Question

Using Trapezoidal rule with one interval, find the approximate value of \(\displaystyle \int_{1}^{2}\frac{dx}{1+x^{2}}\) (rounded off to 2 decimal places).

Hint:

For a single subinterval, the trapezoidal rule is simply the average of the endpoint values times the width: \(\dfrac{b-a}{2}[f(a)+f(b)]\).

Answer 1

Step 1: Identify nodes and step size.
With one interval on \([1,2]\): \(a=1,\; b=2,\; h=b-a=1\).
Let \(f(x)=\dfrac{1}{1+x^{2}}\). 

Step 2: Trapezoidal rule (single interval).
\[ \int_{a}^{b} f(x)\,dx \approx \frac{h}{2}\,\big[f(a)+f(b)\big]. \] 

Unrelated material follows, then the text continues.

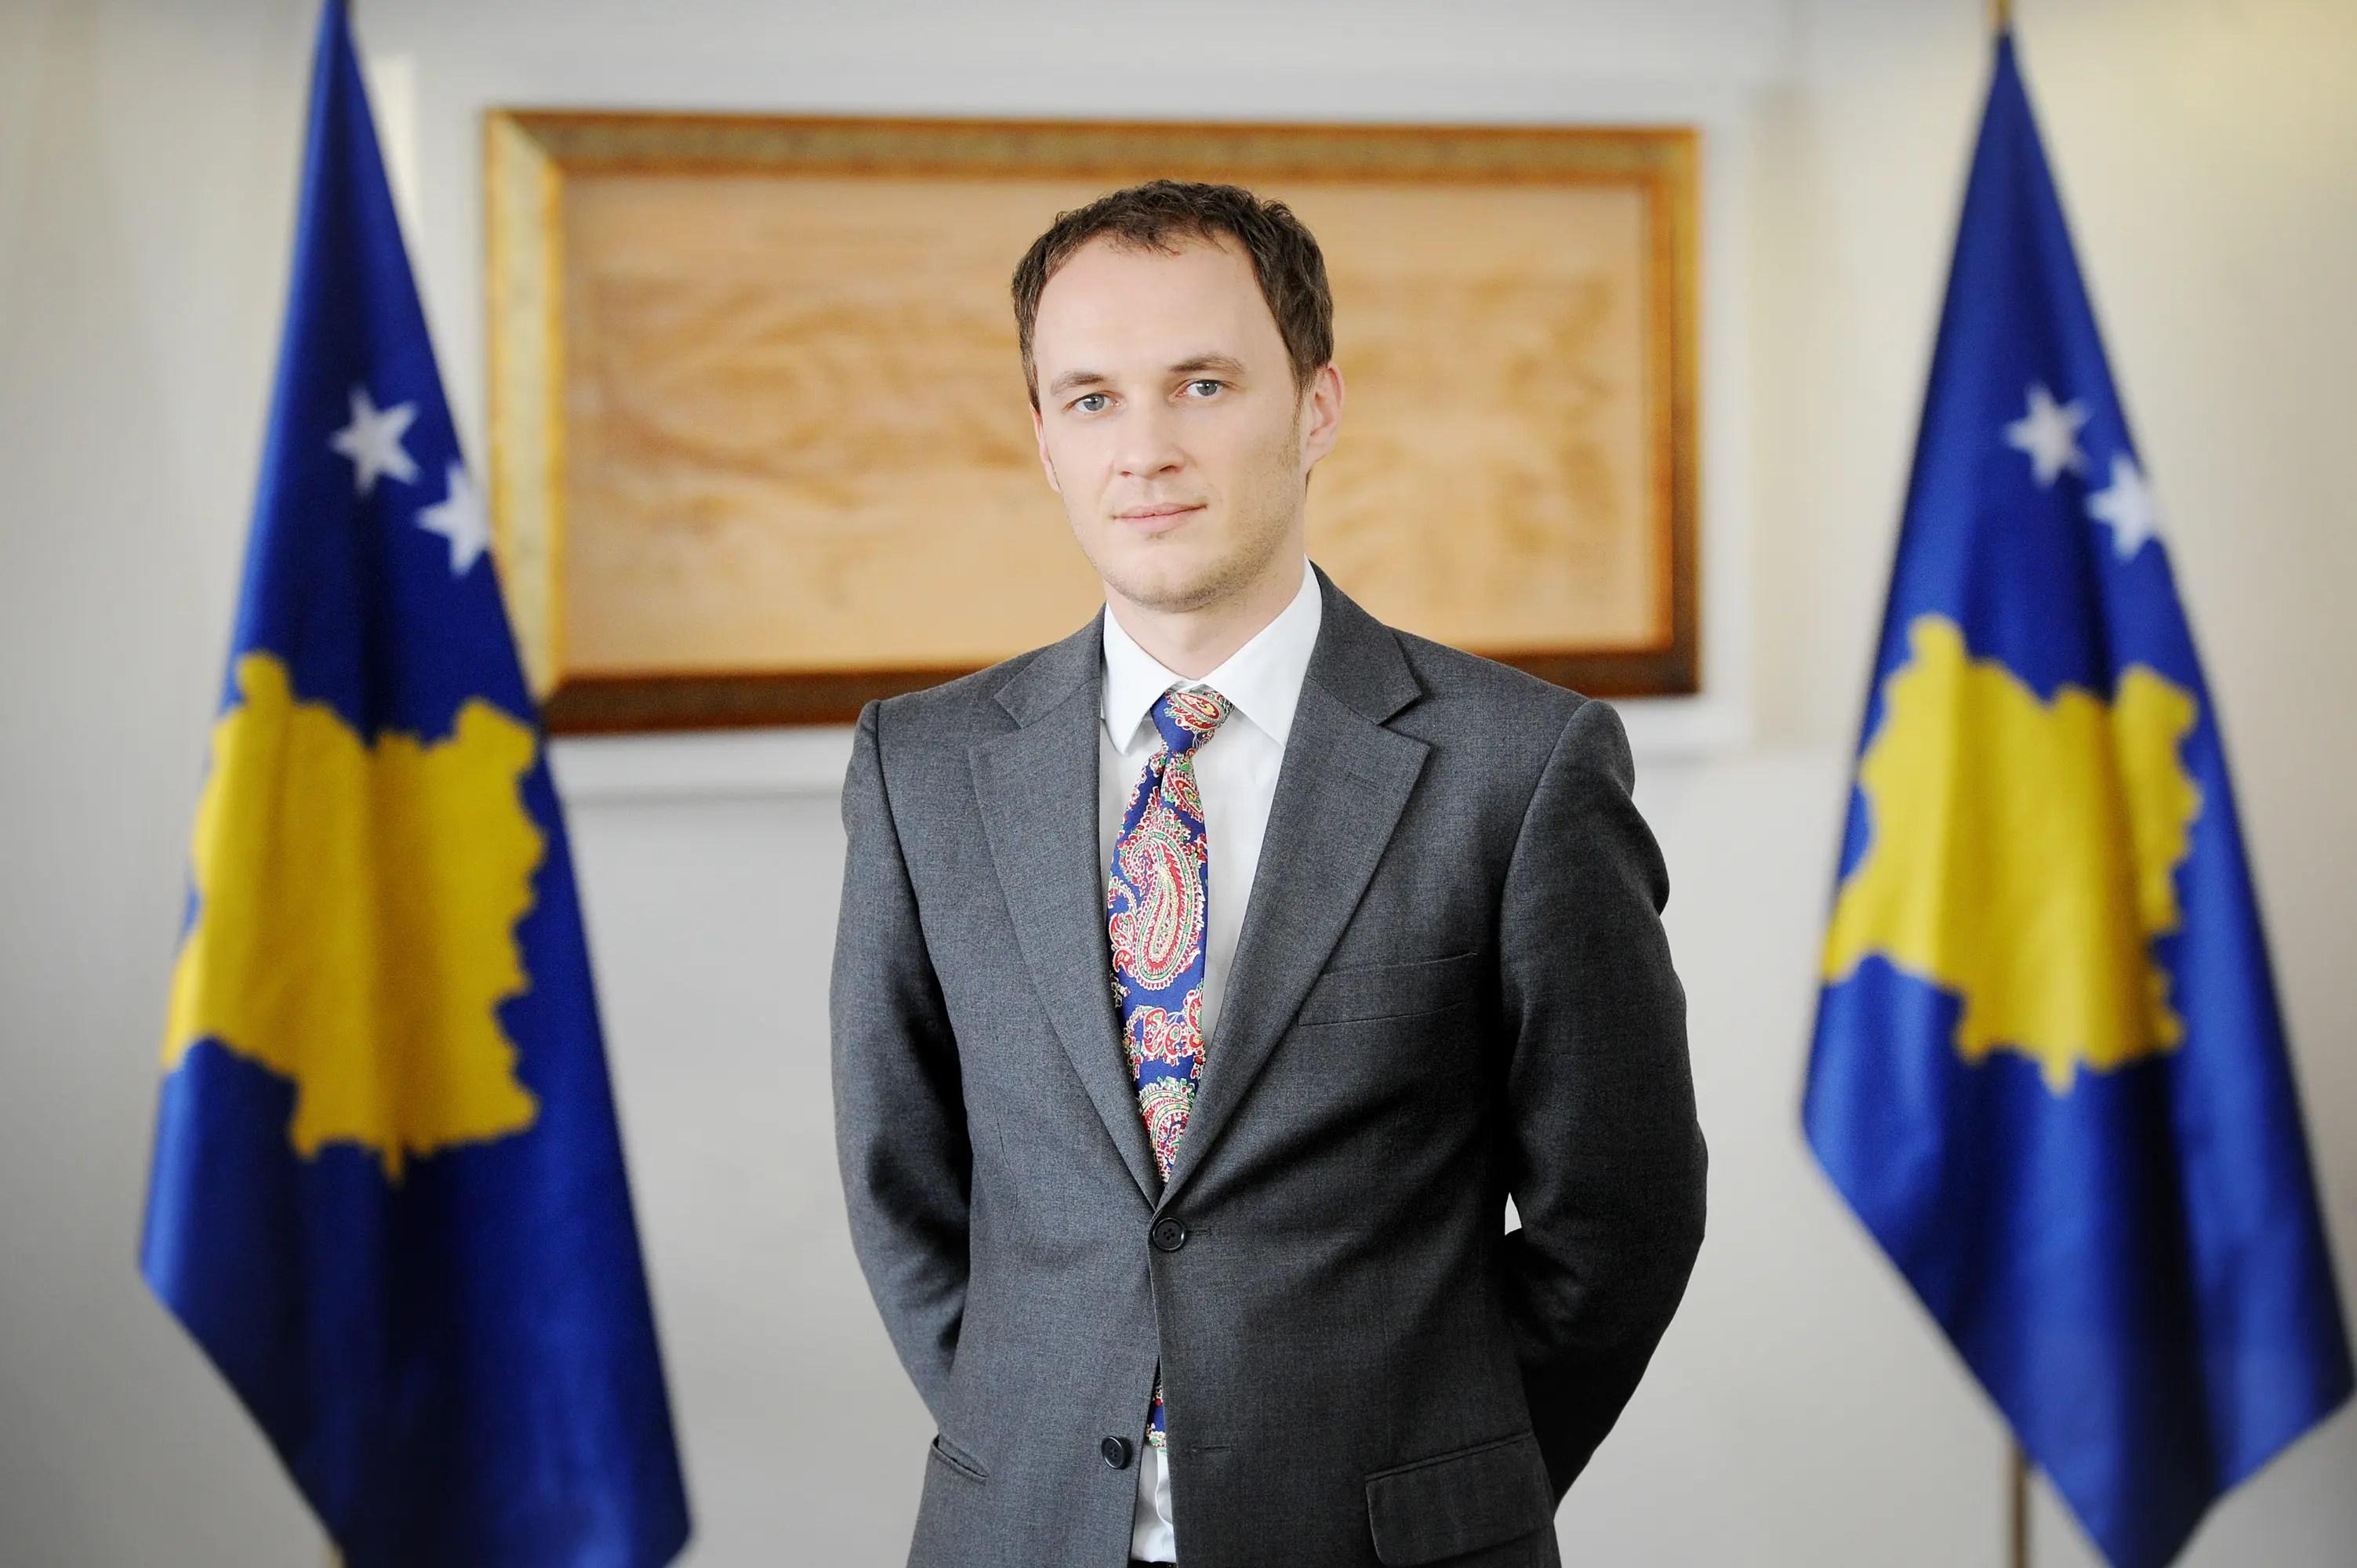 SelimiOnKosovo: Deputy Minister of Foreign Affairs Petrit Selimi

Step 3: Evaluate \(f\) at the endpoints and compute.
\(f(1)=\dfrac{1}{1+1}=\dfrac{1}{2}=0.5,\qquad f(2)=\dfrac{1}{1+4}=\dfrac{1}{5}=0.2.\)
\[ \Rightarrow\ \int_{1}^{2}\frac{dx}{1+x^{2}} \approx \frac{1}{2}\,(0.5+0.2)=\frac{1}{2}\times 0.7=0.35. \] Rounded to two decimals: \(\boxed{0.35}\).